WORK REQUEST: Repeat nothing but the line that contains "How To Treat Wood" and the lines after it, through the end of the listing, exactly as they stand; omit pictures.
Start of SUPPLIED INFORMATION
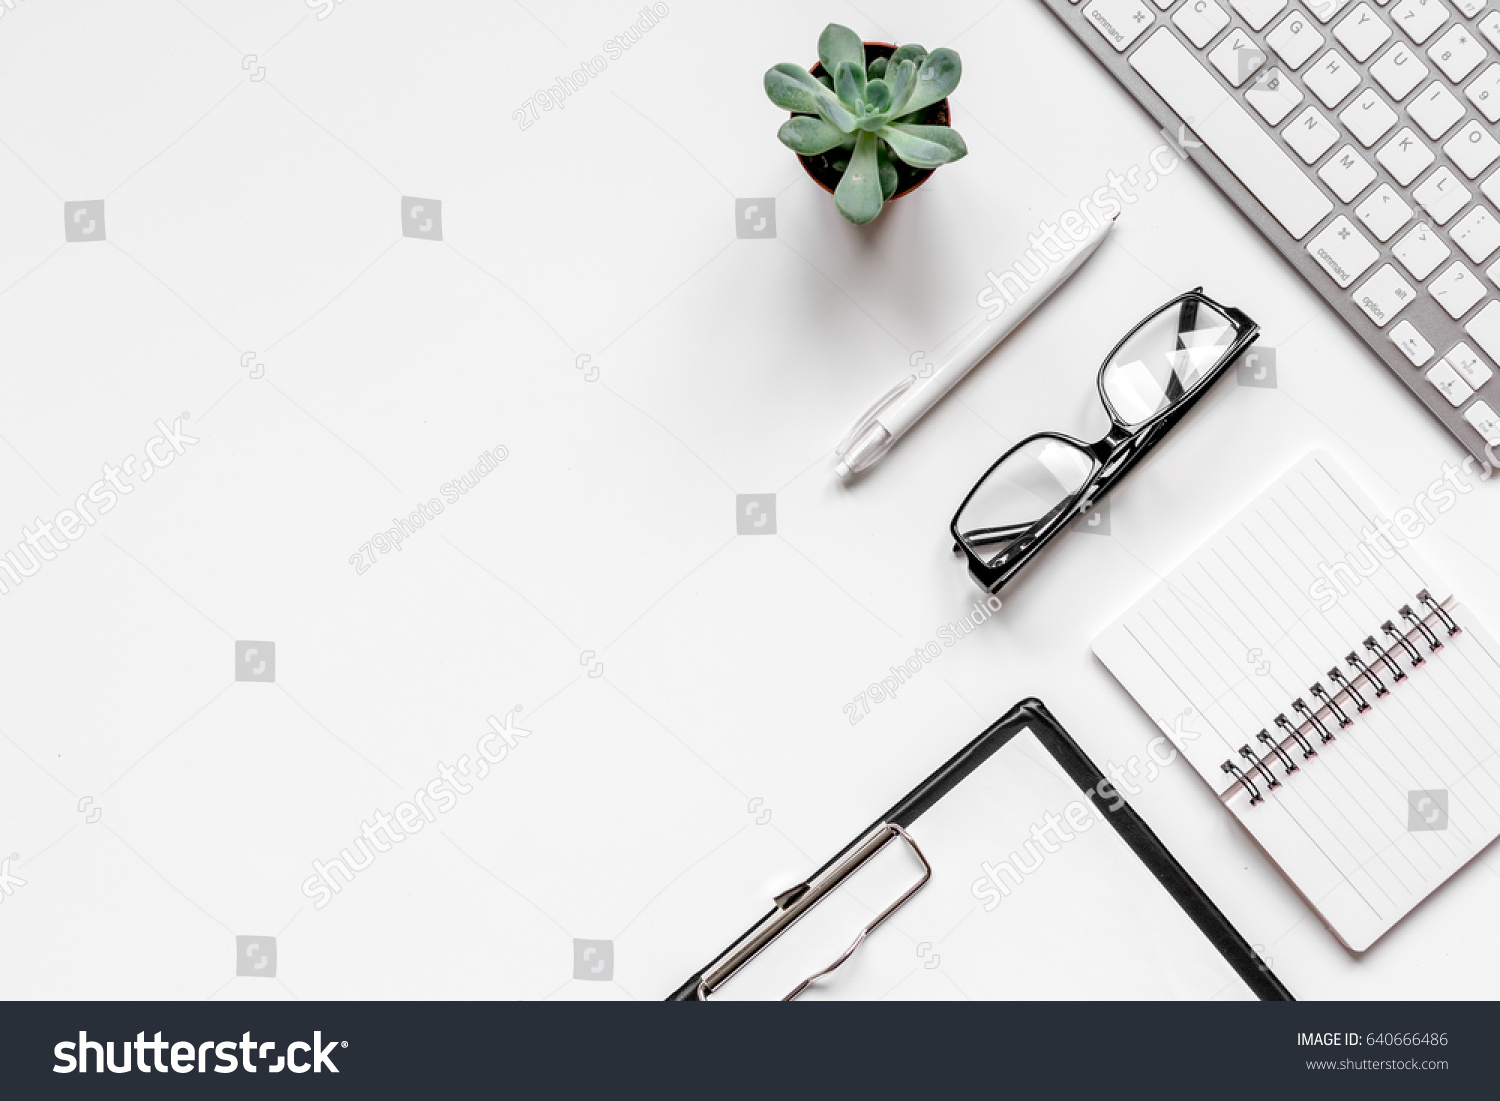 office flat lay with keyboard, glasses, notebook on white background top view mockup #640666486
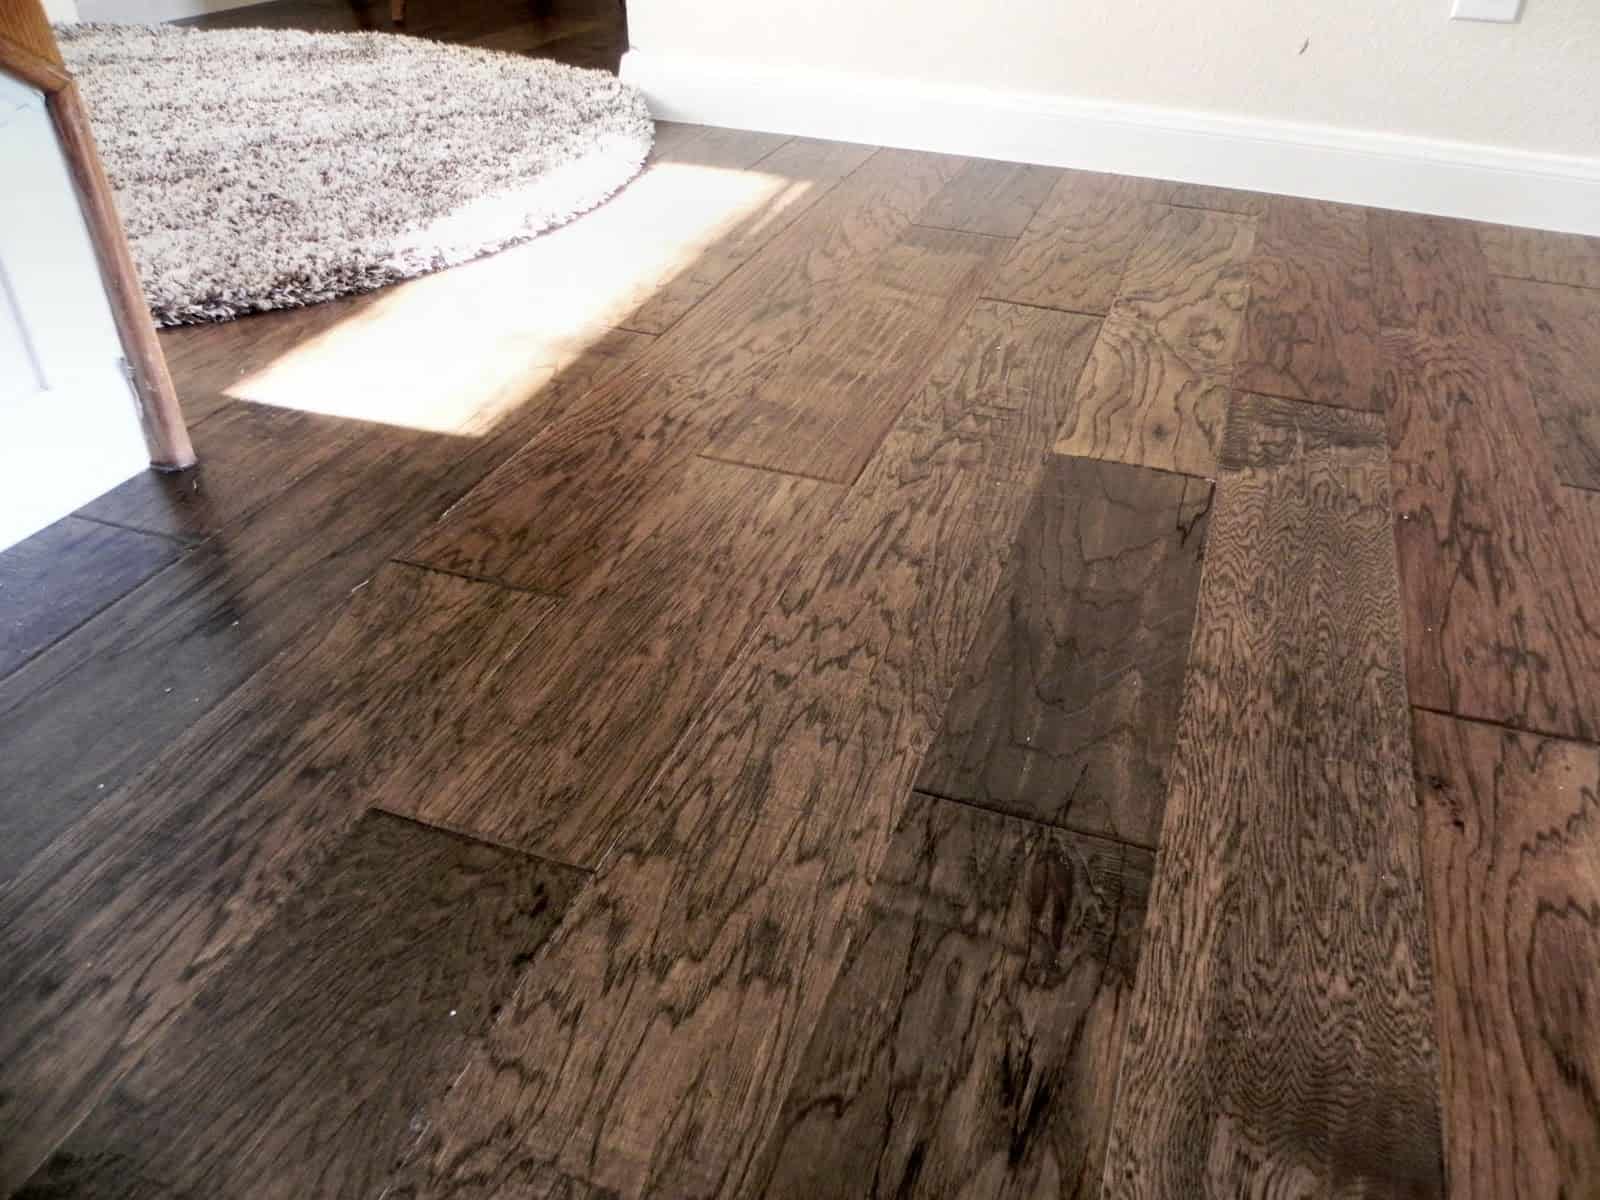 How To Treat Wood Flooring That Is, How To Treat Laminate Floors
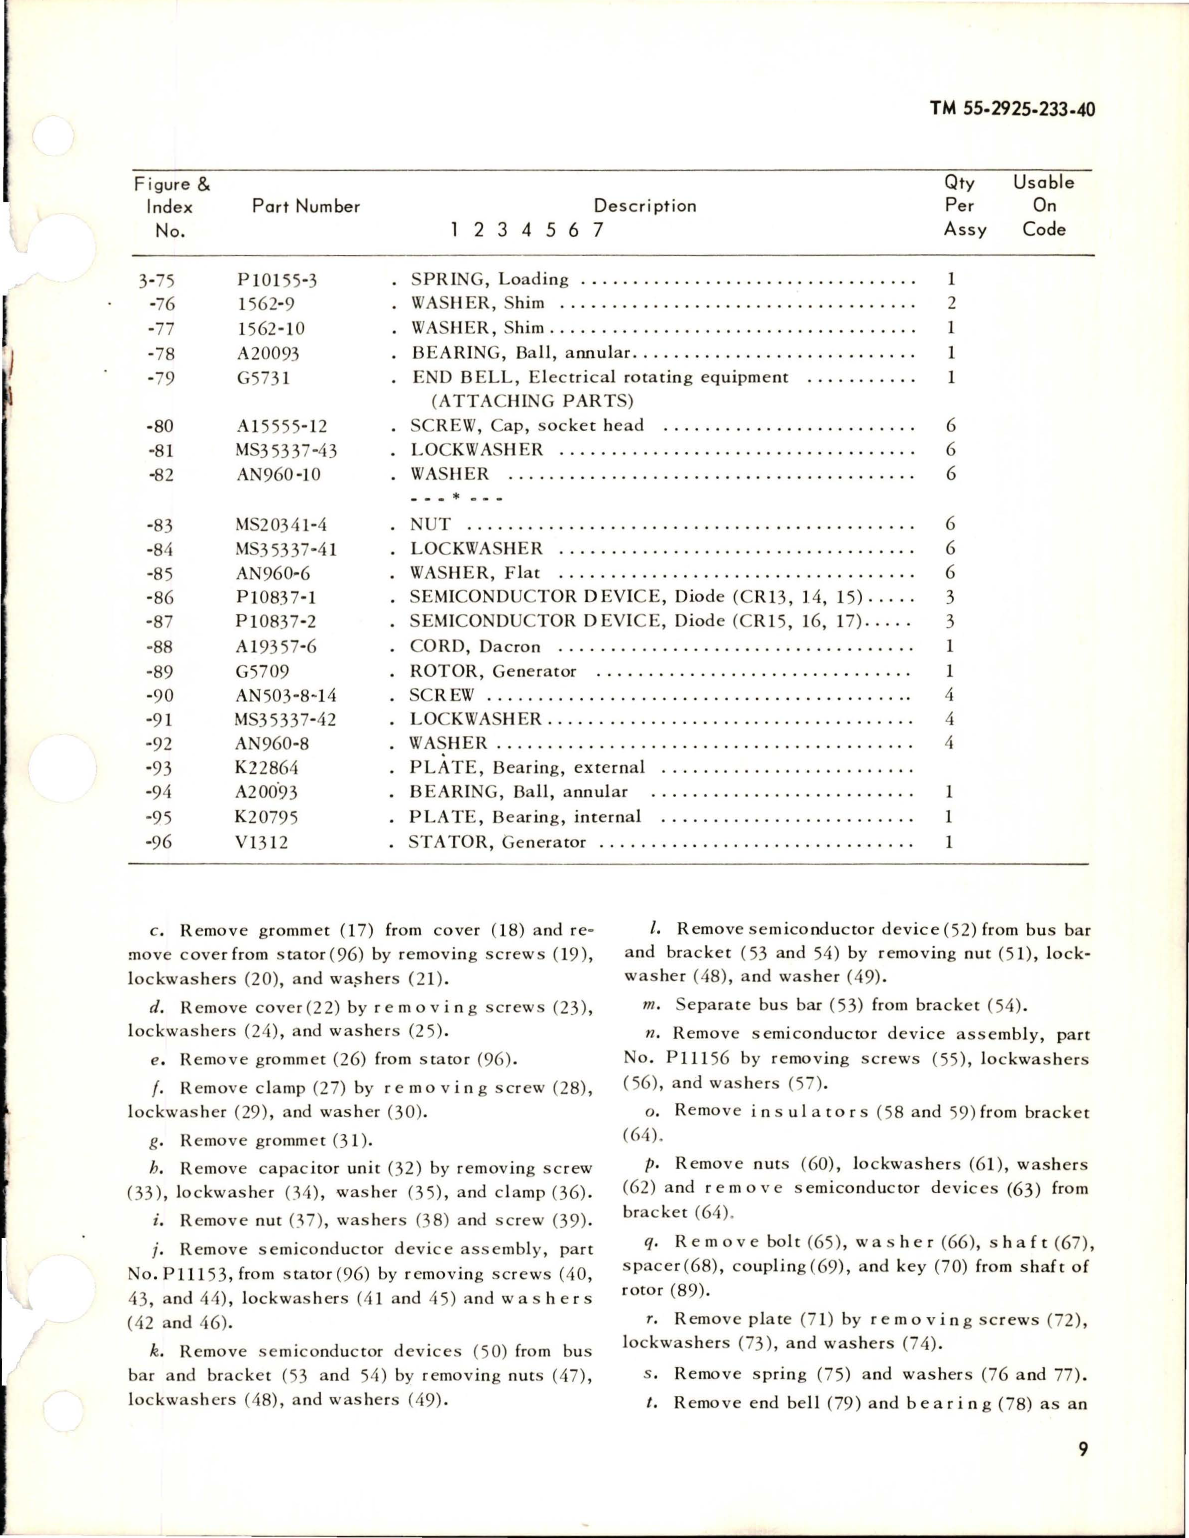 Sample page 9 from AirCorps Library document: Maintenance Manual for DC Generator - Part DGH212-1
End of SUPPLIED INFORMATION
FINISHED TASK:
 How To Treat Wood Flooring That Is, How To Treat Laminate Floors
 Sample page 9 from AirCorps Library document: Maintenance Manual for DC Generator - Part DGH212-1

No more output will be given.